Qual o valor da memória? Quanto vale um registro histórico?
A definição da importância, histórica, artística ou recreativa, de algo que se quer documentar parte do subjetivo e talvez seja irrelevante, visto que existem boas e más obras que falam sobre assuntos macros (guerras ou escândalos de corrupção), e boas e más obras que falam sobre assuntos pessoais e desconhecidos (a vida de um pai ou apicultores da Macedônia do Norte).
No caso de Inseparáveis, a diretora e roteirista María Álvarez prefere o ignorado. O filme mostra o cotidiano e memórias das irmãs gêmeas Isabel e Amelia Cavallini (carinhosamente apelidadas de Ynga e Coca), duas nonagenárias solteiras, sem filhos e que outrora experimentaram o sucesso artístico como um duo de pianistas, apresentando-se, inclusive no exterior, em longas temporadas e conquistando elogios de diversos músicos consagrados.
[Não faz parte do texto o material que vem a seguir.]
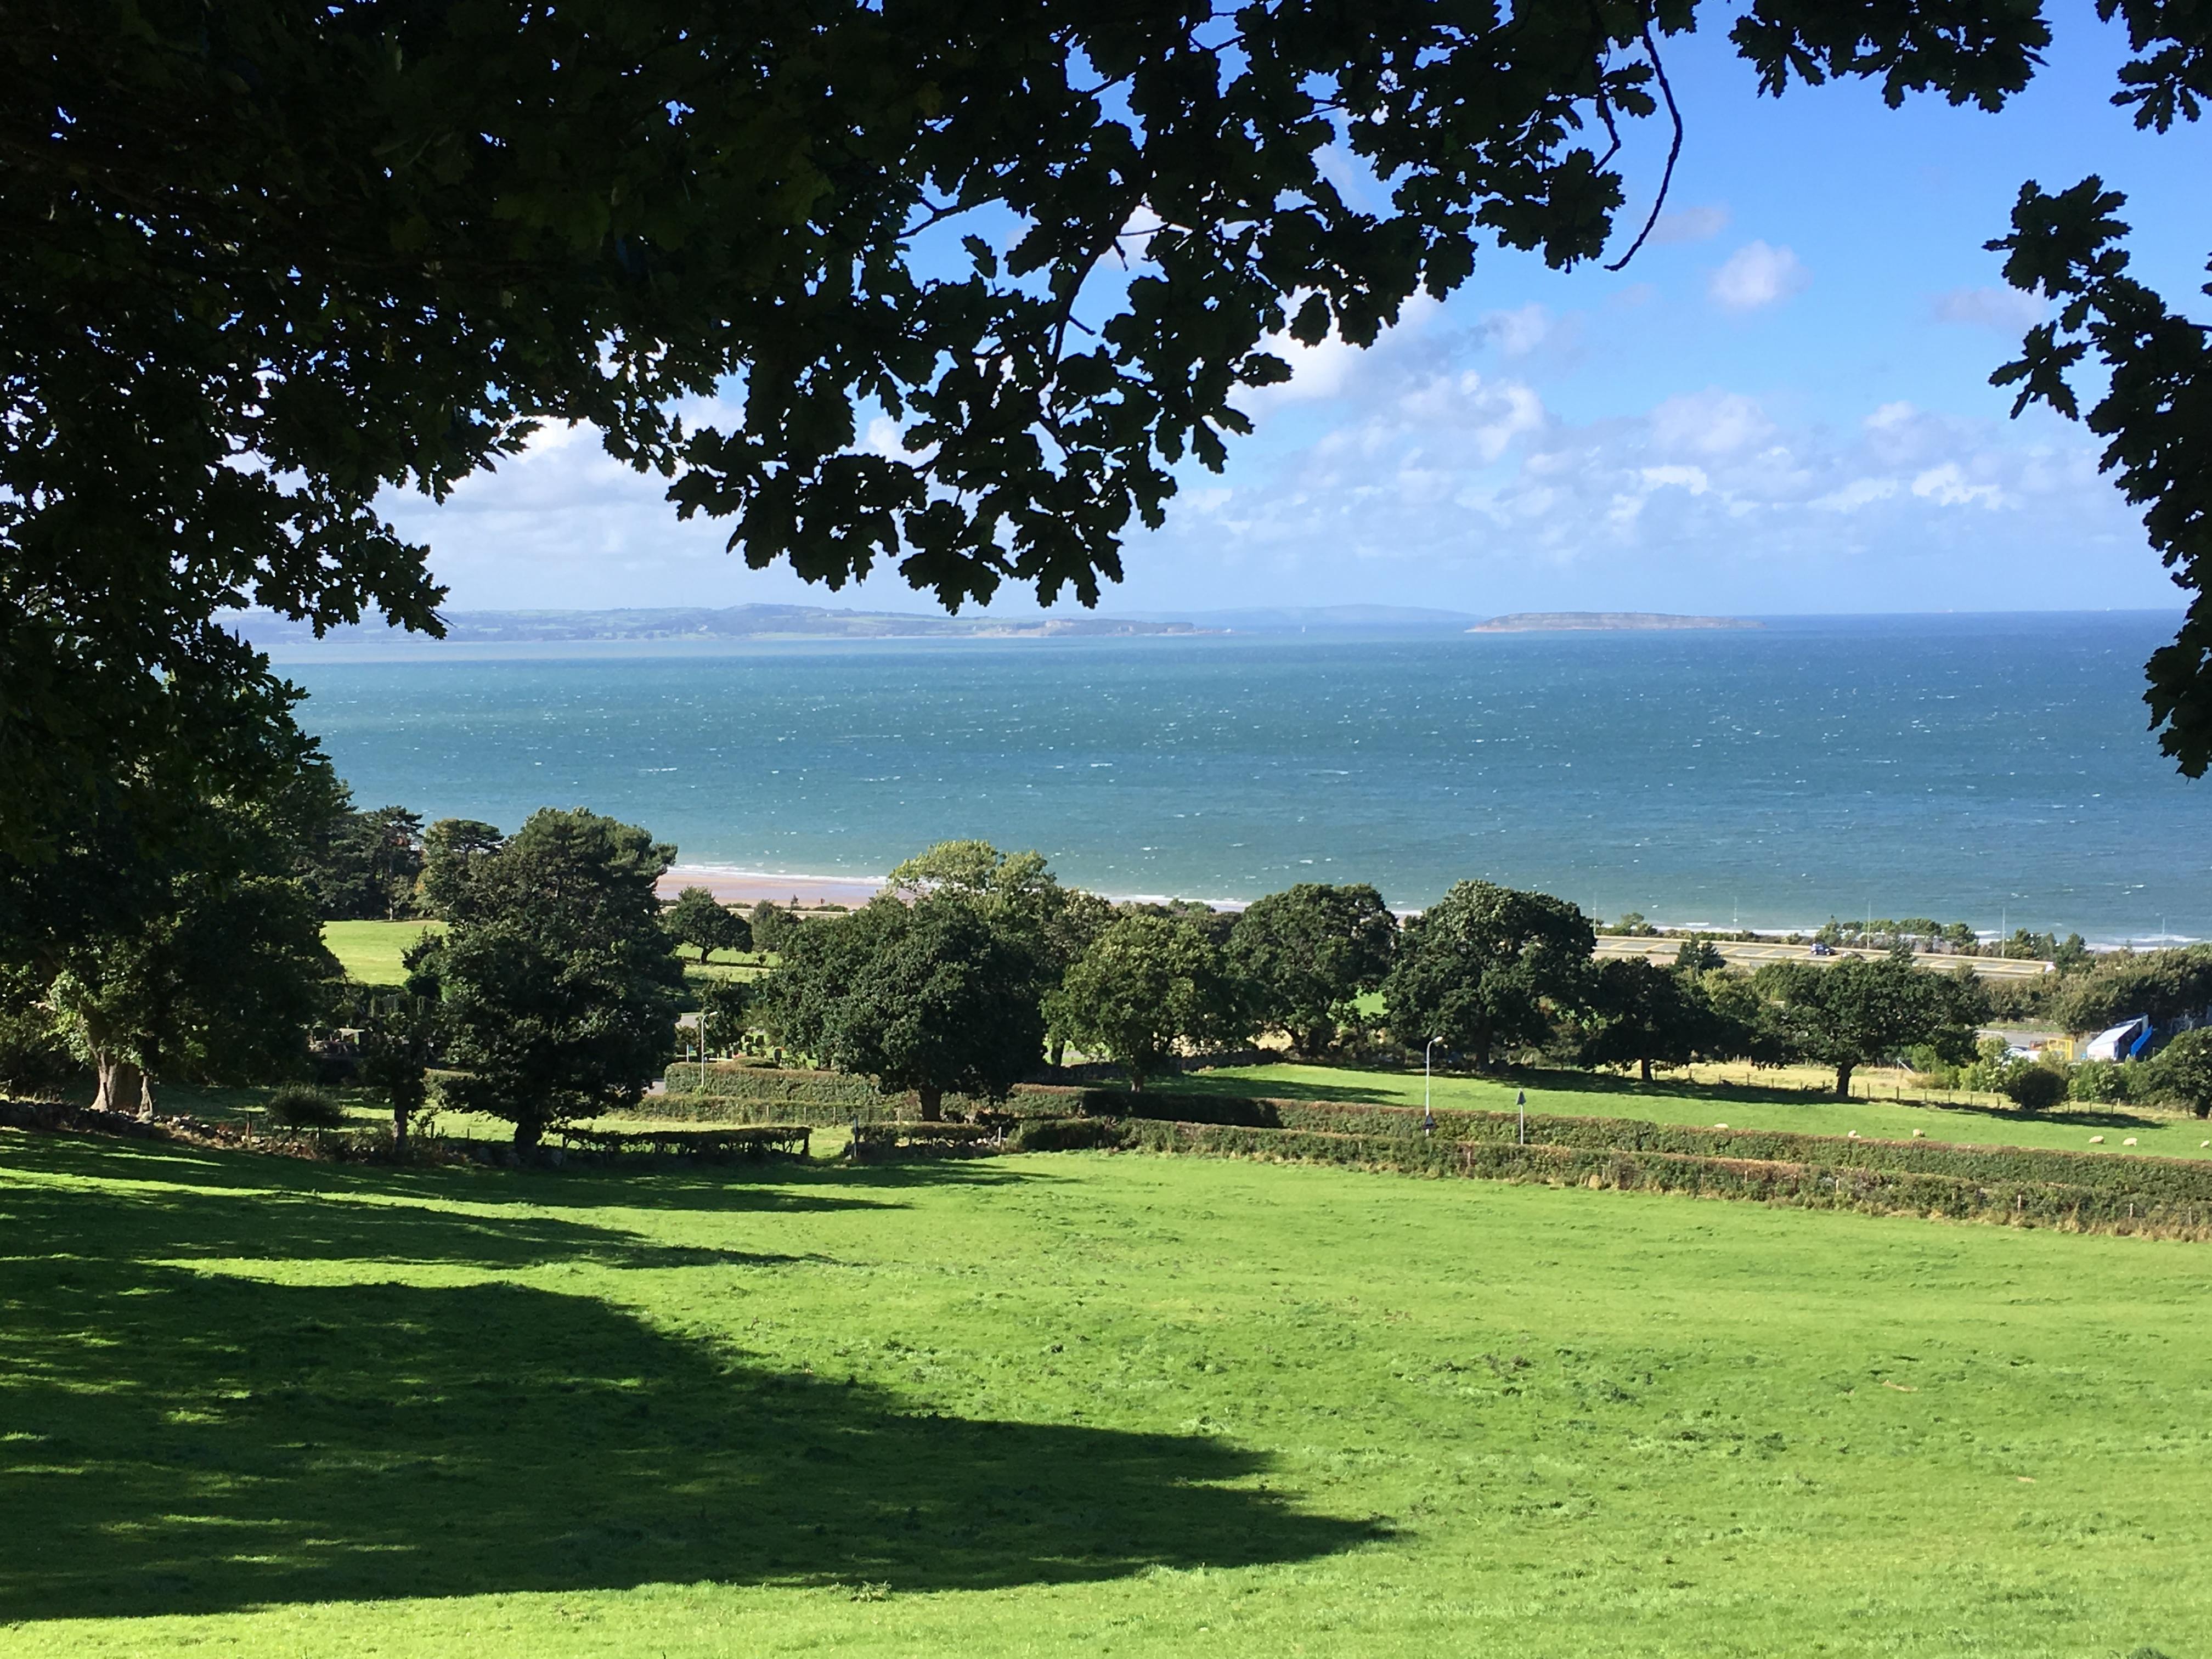 View from Trwyn yr Wylfa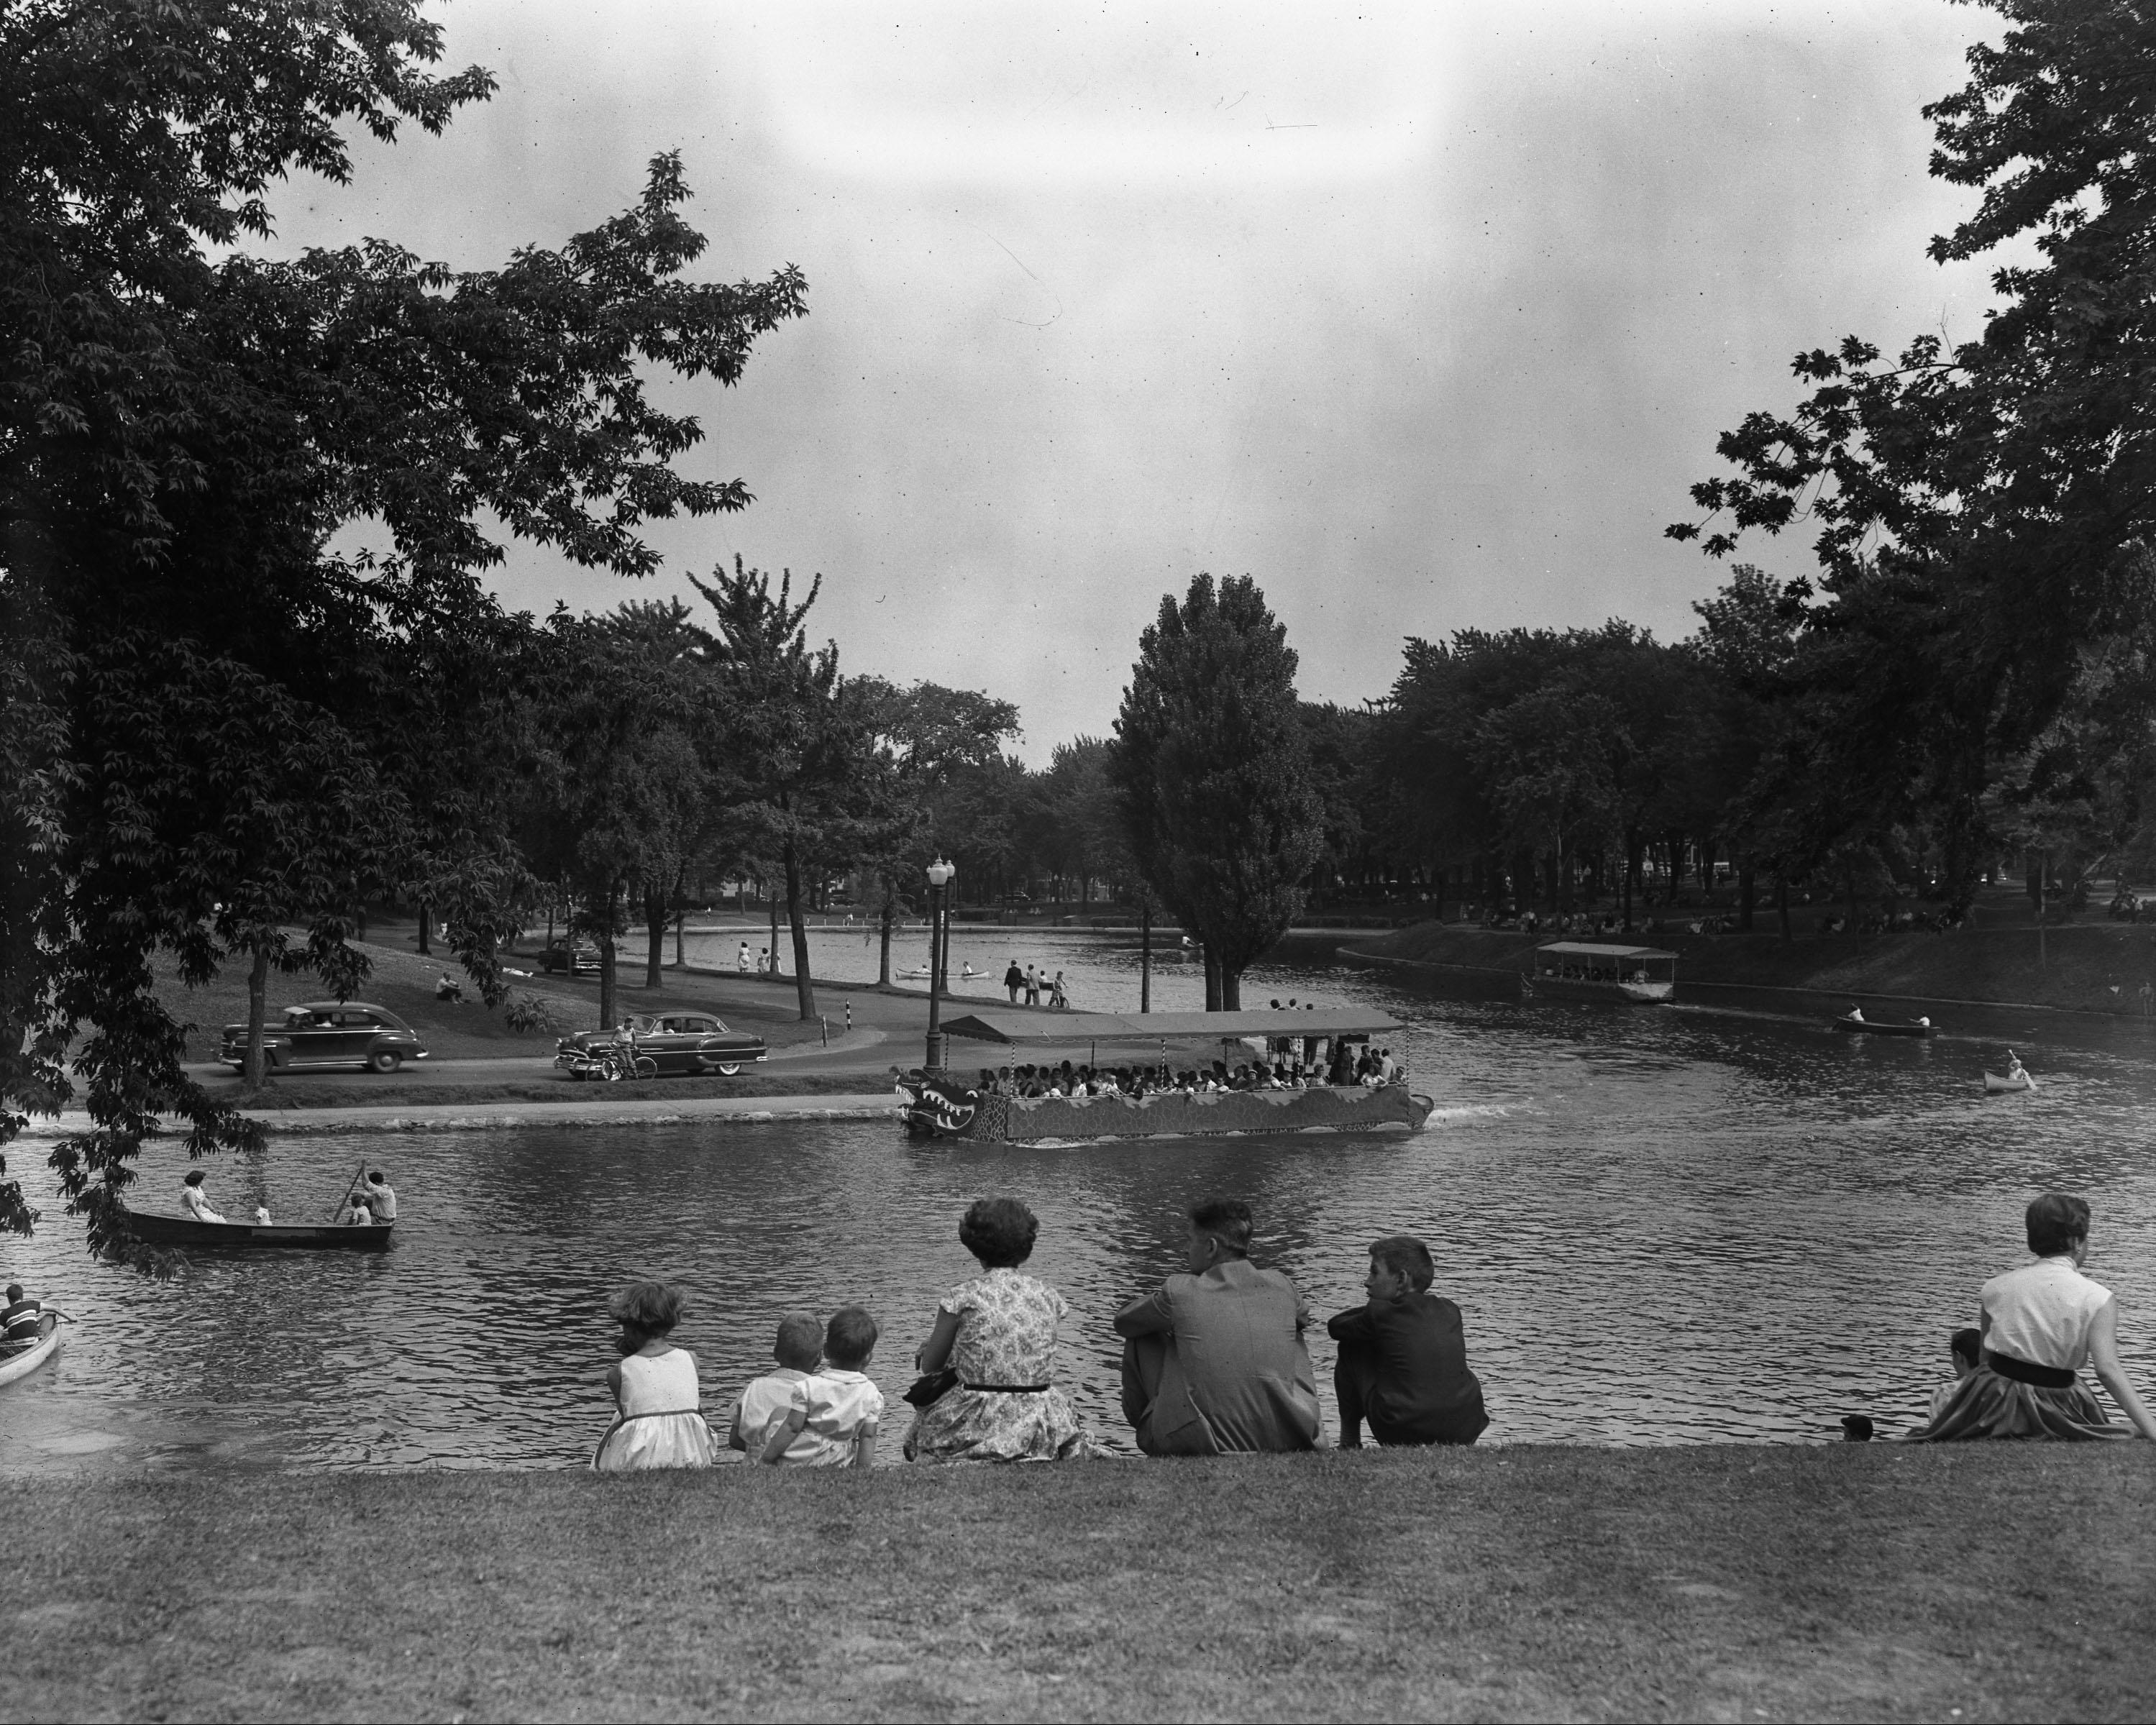 Photographie de promeneurs dans le parc La Fontaine.. L'étang est situé au centre.

Na relação entre as duas protagonistas há momentos de grosseria e impaciência. Ué, mas “quem nunca”? Dinâmica entre irmãos é assim mesmo, certo? Mais importante que isso, a captura de pequenos gestos de afeto, como uma arrumar o cabelo da outra enquanto sorri durante alguns segundos, evidencia o amor que há ali.
As duas estão e estiveram sempre juntas, da forma que sugere o título e outros símbolos visuais, como os adesivos de duas estrelas sobrepostas em uma vitrine.
No pequeno apartamento, disputam espaço obras de arte, estátuas de santos, quadros e fotografias, além de um grande e raro piano de cauda que provavelmente vale mais do que o imóvel em que habitam as irmãs. A direção capta bem a bagunça de objetos, tão abarrotados e acumulados como a mente das duas.
Uma sensação inicial de cheiro de mofo e desordem é substituída pelo sentimento final de aconchego. Parte disso vem de escolhas técnicas, como preferir a luz âmbar confortável, sem a artificialidade de equipamentos de iluminação que reportagens televisivas normalmente utilizam. O impacto visual é sentido, por exemplo, quando outros ambientes são explorados, como as refeições no fast food.
A intimidade é conquistada pela cineasta e transferida para o público. Aprende-se que bonecas de brinquedo têm importância e não deixa de ser doce acompanhá-las mimando os bebês-fake (um pouco assustadores, inclusive).
No entanto, em um momento de dor das irmãs, pra quê a câmera persegue ferozmente aquele sofrimento? Dado o tom do documentário, o poder sugestão talvez fosse mais adequado, até porque o fato de ter ido com a câmera trêmula atrás do que ocorreu nada explica. Da mesma forma, em um depoimento emocionado, a câmera faz questão de corrigir o quadro para melhor enquadrar o rosto da personagem. Qual o limite do invasivo e da exploração da dor?
Talvez por uma questão de reparação com o apagamento feito, Álvarez registra a história das duas senhoras em todos os momentos que julgou relevante. Ao mesmo tempo em que o desmonte da vida é inevitável e as assinaturas no piano serão lixadas e apagadas, as Irmãs Cavallini ficarão gravadas na obra da diretora. E quem sabe na memória de quem a assiste.